4000 lbs of lime per acre to get from 5.9 to 6.5 PH

0

60

210

2nd

No lime recommended

80

40

70

But for this one he jotted down :800 pounds of 10/10/10 fertilizer per acre.

*My question is, isn't this an awful lot of fertilizer (6 tons) for a 15 acre field?*

I know on other fields I have used different blends to get me closer with less tonnage. For instance this spring I used 2 tons of 05/13/41 for a 10 acre field, yet I cannot find it listed anywhere as a fertilizer combination, yet it is a common fertilizer for the Cranberry Growers.

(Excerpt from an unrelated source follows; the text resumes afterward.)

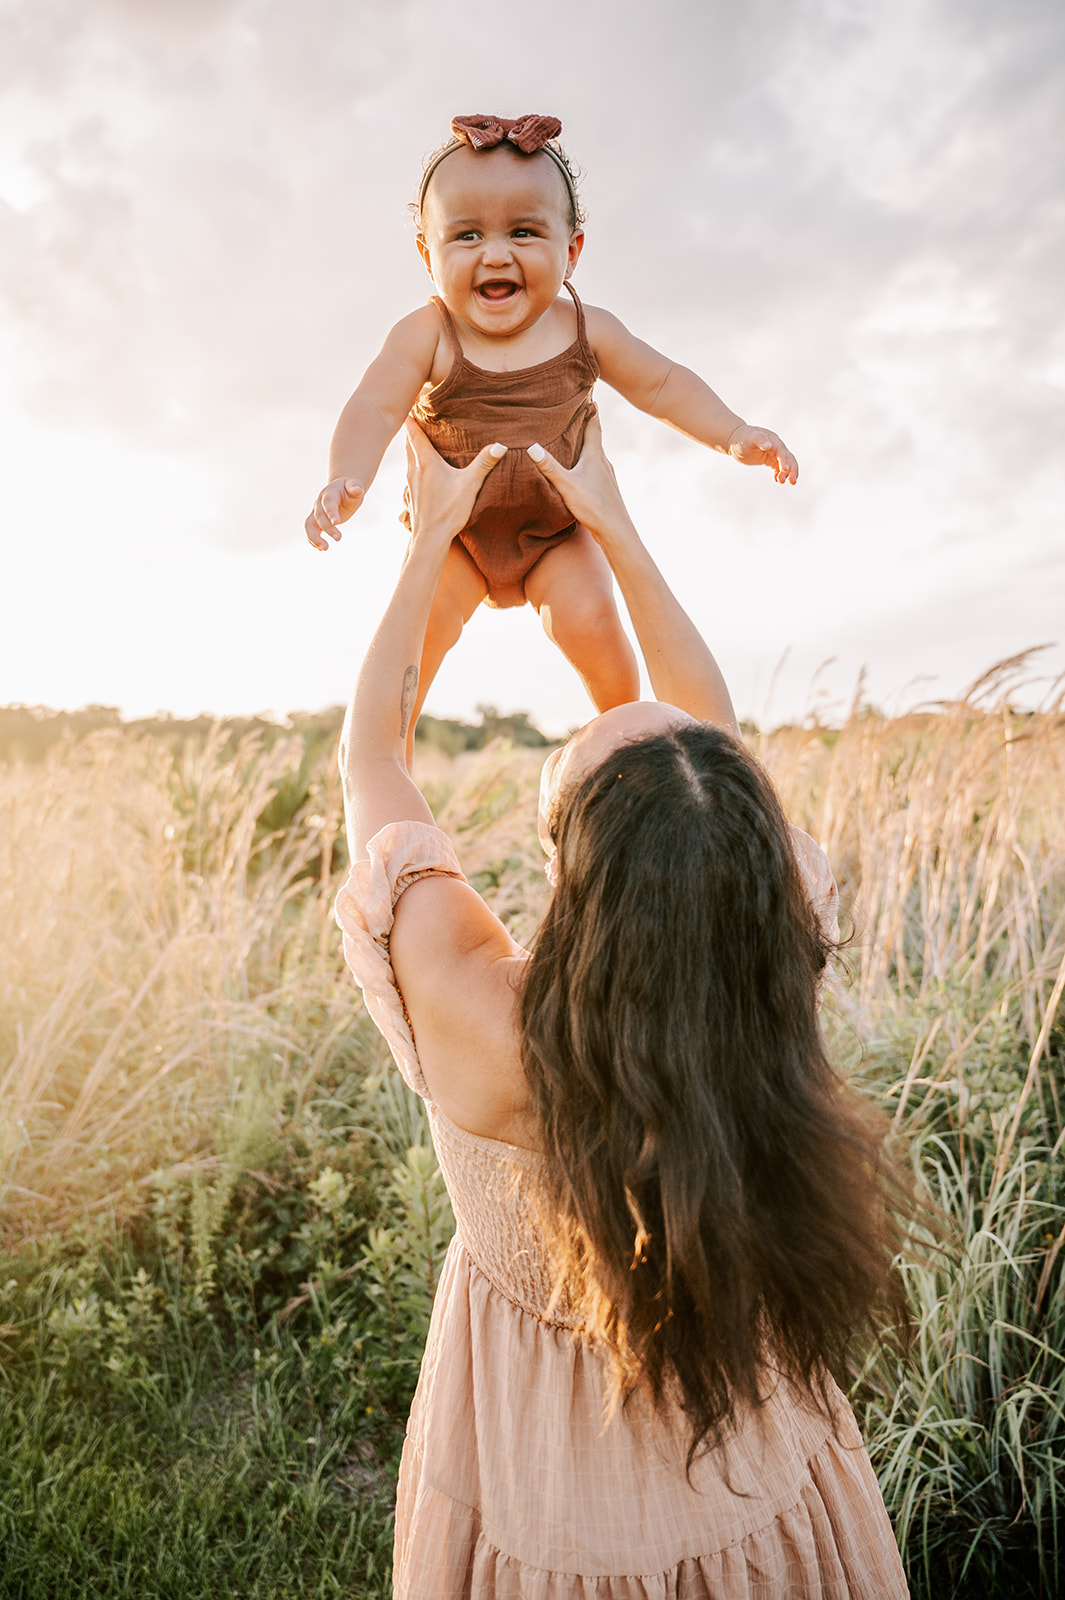 A mother lifts her toddler daughter high over her head while playing in a field of tall grasses at sunset

Also, it was my understanding that lime really unlocks the roots of the sward so putting down fertilizer without lime first is almost a waste of money. I know 5.9 on PH is not that low, but I certainly don't want to buy 6 tons of fertilizer for nothing. Mill Lime is expensive here ($22.50 a ton), but I'll buy it if it helps fertilizer be effective. *So my second question is, should I buy 30 tons of lime? *If I do what they recommend I am looking at a $3200 bill for this 15 acre field! It seems excessive.


----------



## RuttedField (Apr 24, 2016)

By the way: I can get a seaweed product to act as a lime substitute at $1.90 a ton, BUT it has a lot of micro-nutrients in it already, and my soil is above optimum in copper, manganese and zinc so I would rather not add that to my soil. Copper can kill sheep at or above 4 ppm and I am at 1.18 ppm's now.


----------



## Hayman1 (Jul 6, 2013)

We'll I'm confused, how do you get two different results from one sample? Did you send in split samples? I would be inclined to re sample. I typically use no more than 60#N per application but don't use 10-10-10just too much bulk. Usually apply 100-140#p&k depending on soil test results.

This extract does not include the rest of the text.